Talk comments

Pim Elshoff at 14:19 on 10 Oct 2018

@PleaseMakeThisAnonymousNextTime
Thanks for being there, sorry I couldn’t connect to you

Goran Juric at 12:22 on 10 Oct 2018

This was a real keynote material talk and Miro nailed it. Having the discussion in the unconference track afterward was a really nice touch.

Only wish it was held on the first day so more people would hear it.

Davor Tomic at 07:36 on 10 Oct 2018

A well-prepared talk, with a number of real-life examples from which a lot could be learned. I liked how the speaker kept it interesting by switching from theory to practice for a number of talking points, so as to reinforce theory with practice and own experiences. I was amazed by some of the successful outcomes mentioned and wish Vladimir had time to tell a tad bit more about how to best decide which KPIs to measure, and how to best go about doing it.

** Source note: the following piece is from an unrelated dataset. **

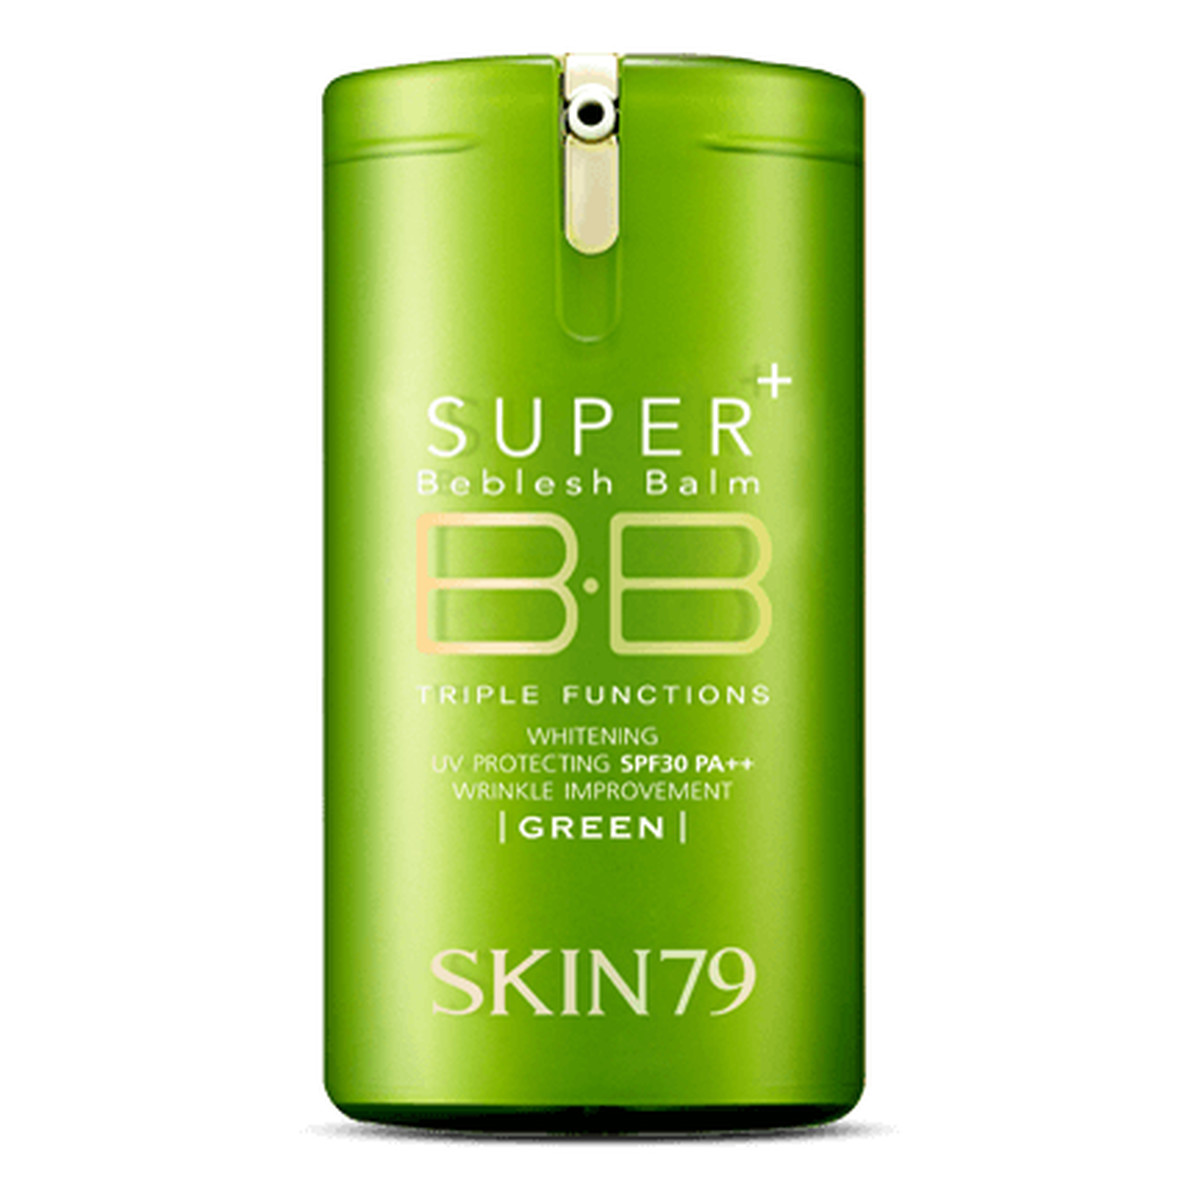 Skin79 Super Beblesh Balm Krem BB Plus Triple Functions SPF30 dla cery mieszanej i tłustej Green 40g

An idea for the next one, perhaps? :)

Davor Tomic at 07:29 on 10 Oct 2018

A bit dry at moments, but still worth hearing. Wouldn't say I learned a ton and it missed a deeper or personal note, sadly. The delivery could be a bit more engaging.

Davor Tomic at 07:27 on 10 Oct 2018

This is how you prepare and deliver a talk! Honest, spoken from own rich experience and filled with practical takeaways, Vladimir absolutely shined. Hope he gives more talks in the future!

Davor Tomic at 07:22 on 10 Oct 2018

The speaker raised many good points and gave good examples. Sadly, the mic issues made it harder to follow and the talk could use some more focus, which would result in one or few key takeaways.

Davor Tomic at 07:13 on 10 Oct 2018

Earlier this year I attended the Design Systems Conference in Helsinki, where I also participated in Nathan Curtis' workshop. My reasoning to sign up for Bermon's workshop was to go beyond what I learned in Helsinki and get my hands "dirty" by doing some actual coding. All with the aim of getting a better understanding of the "other side" of the process.

Unfortunately, seems like Bermon didn't expect so many of the participants to be designers.

Now, I can only speak for myself, and I thought the title and description both implied that designers were the target audience: "Streamline the design process and improve collaboration with developers by breaking down pages into reusable modules." – being the very first line of the description.
Another confusing bit was that the description stated "A basic understanding of HTML and CSS is needed", but it felt like what was expected was significantly more than that.

The decision was made to change the plan for the workshop and it seemed to me like it turned into a more theoretical lecture on pattern libraries, and any serious coding was out of the picture. Hence why I decided to leave after the first hour, with the hopes that at least the remaining participants will get their money's worth.

A few friendly suggestions for next time:
1) Test the title and description of the workshop and see what your test subjects would expect to find there (a simple survey or a round of interviews amongst designers and developers would do);
2) After people sign up, send them an introductory email with all the instructions and again a survey, so that you know your audience *before* you've already started to present [ a) designer/FE developer/both? b) knowledge of html/css/js/xyz? c) expectations from the workshop? ];
3) If there are instructions for installing certain frameworks or setting up development environments – all the stuff that >90% designers never did before – it would be much easier for them if these instructions were offered in the form of a video.

Better luck next time!

//Davor

AM at 20:35 on 9 Oct 2018

Although the trainer was charismatic and nice, this was in no way a good workshop, or workshop at all. The requirement for this workshop was to know basic html and css, which most of us did know, so it could have worked in our favor. Or write better requirements next time, so people won't apply for it. Most of the stuff on presentations were well know. But to be fair, first 2 hours were interesting and there were new things to learn, and that saves the workshop a bit. Still, it makes me sad we didn't go through with building the design library.

I have yet to see someone waste more post-it's then this workshop. Everything should point to actually learning how to make your code more DDD friendly and that part of the workshop was on 2 power point slides that were displayed for 2minutes. I had 0 idea how to do final exercise. So for next time, please skip 3h long post-it game since it's pointless and make all that content 10 minutes long. Then there will be more time to actually make something. Well actually I would be satisfied with just seeing some examples. Also I will copy/paste title of workshop just to make it more clear - "A practical introduction to Domain Driven Design (C#)". Notice C#? Last example was in PHP. ONLY PIECE of code shown was in PHP.